OFA-Sys/chinese-clip-vit-large-patch14

中文

Chinese-CLIP-ViT-Large-Patch14

Introduction

This is the large-version of the Chinese CLIP, with ViT-L/14 as the image encoder and RoBERTa-wwm-base as the text encoder. Chinese CLIP is a simple implementation of CLIP on a large-scale dataset of around 200 million Chinese image-text pairs. For more details, please refer to our technical report https://arxiv.org/abs/2211.01335 and our official github repo https://github.com/OFA-Sys/Chinese-CLIP (Welcome to star! ??)

Use with the official API

We provide a simple code snippet to show how to use the API of Chinese-CLIP to compute the image & text embeddings and similarities.

from PIL import Image
import requests
from transformers import ChineseCLIPProcessor, ChineseCLIPModel

model = ChineseCLIPModel.from_pretrained("OFA-Sys/chinese-clip-vit-large-patch14")
processor = ChineseCLIPProcessor.from_pretrained("OFA-Sys/chinese-clip-vit-large-patch14")

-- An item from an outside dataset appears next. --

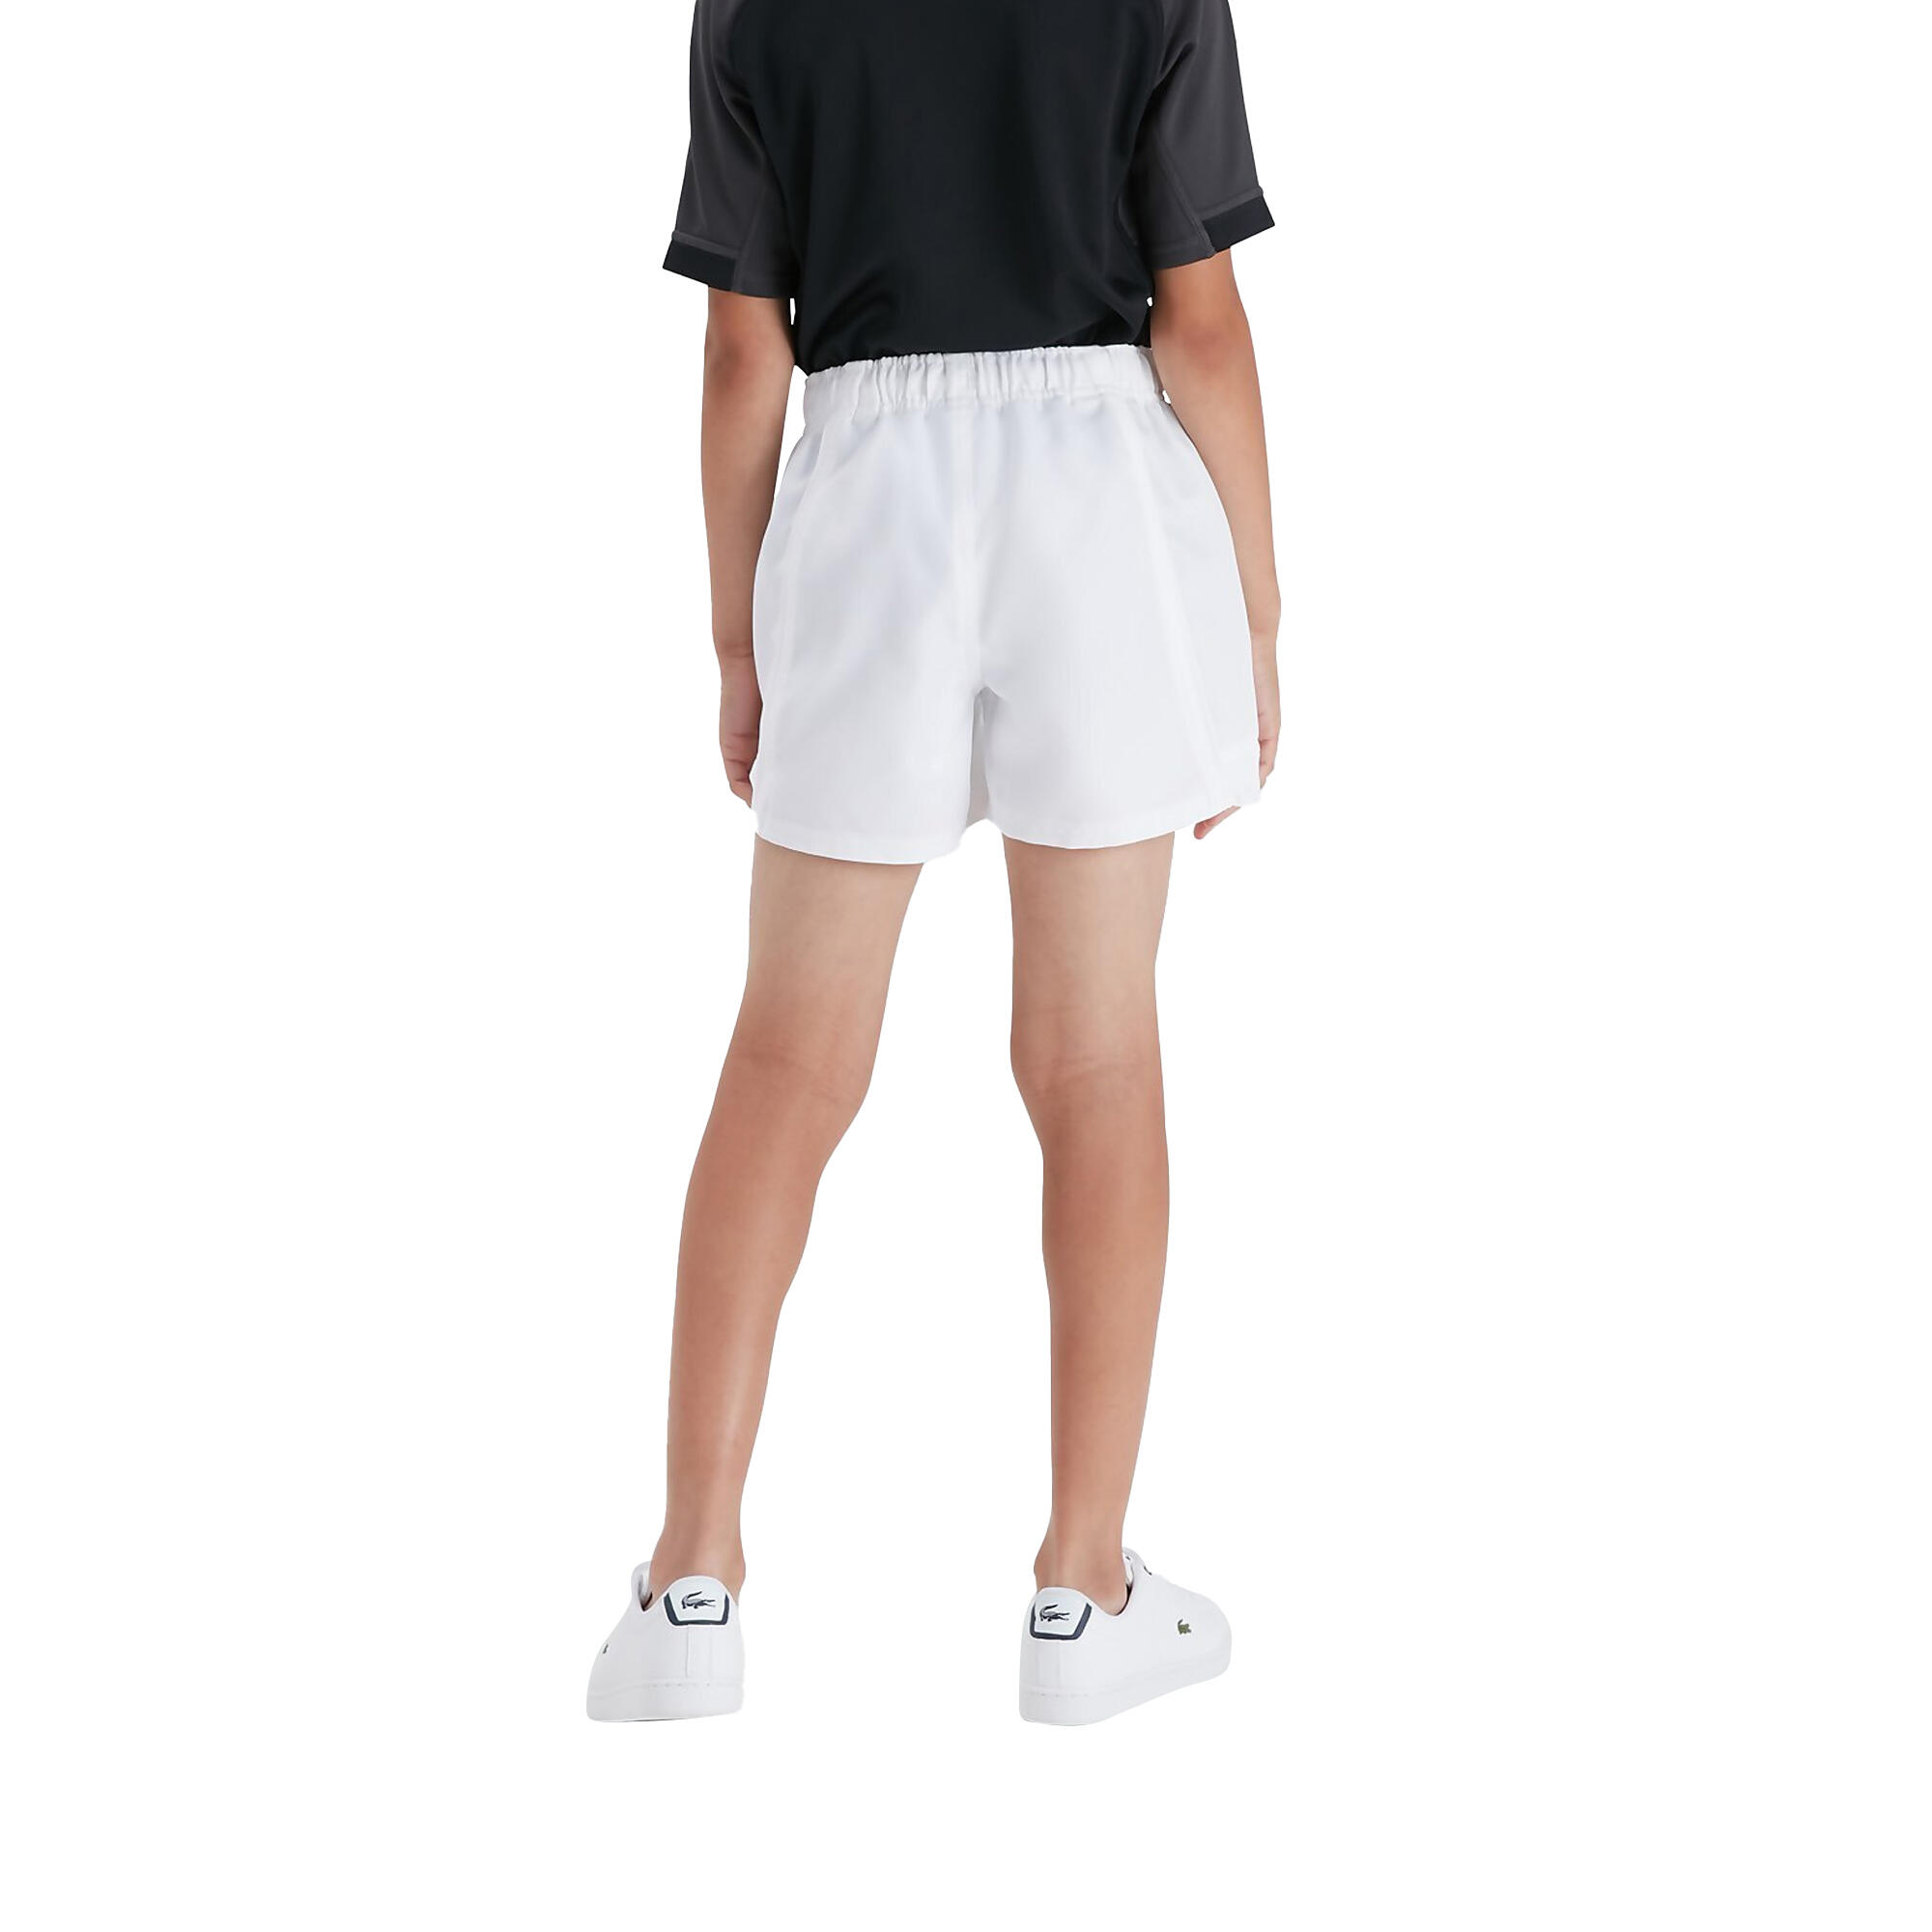 Childrens/Kids Advantage Shorts (White) 4/4

url = "https://clip-cn-beijing.oss-cn-beijing.aliyuncs.com/pokemon.jpeg"
image = Image.open(requests.get(url, stream=True).raw)
# Squirtle, Bulbasaur, Charmander, Pikachu in English
texts = ["杰尼龟", "妙蛙种子", "小火龙", "皮卡丘"]

# compute image feature
inputs = processor(images=image, return_tensors="pt")
image_features = model.get_image_features(**inputs)
image_features = image_features / image_features.norm(p=2, dim=-1, keepdim=True)  # normalize

# compute text features
inputs = processor(text=texts, padding=True, return_tensors="pt")
text_features = model.get_text_features(**inputs)
text_features = text_features / text_features.norm(p=2, dim=-1, keepdim=True)  # normalize

# compute image-text similarity scores
inputs = processor(text=texts, images=image, return_tensors="pt", padding=True)
outputs = model(**inputs)
logits_per_image = outputs.logits_per_image  # this is the image-text similarity score
probs = logits_per_image.softmax(dim=1)  # probs: [[0.0066, 0.0211, 0.0031, 0.9692]]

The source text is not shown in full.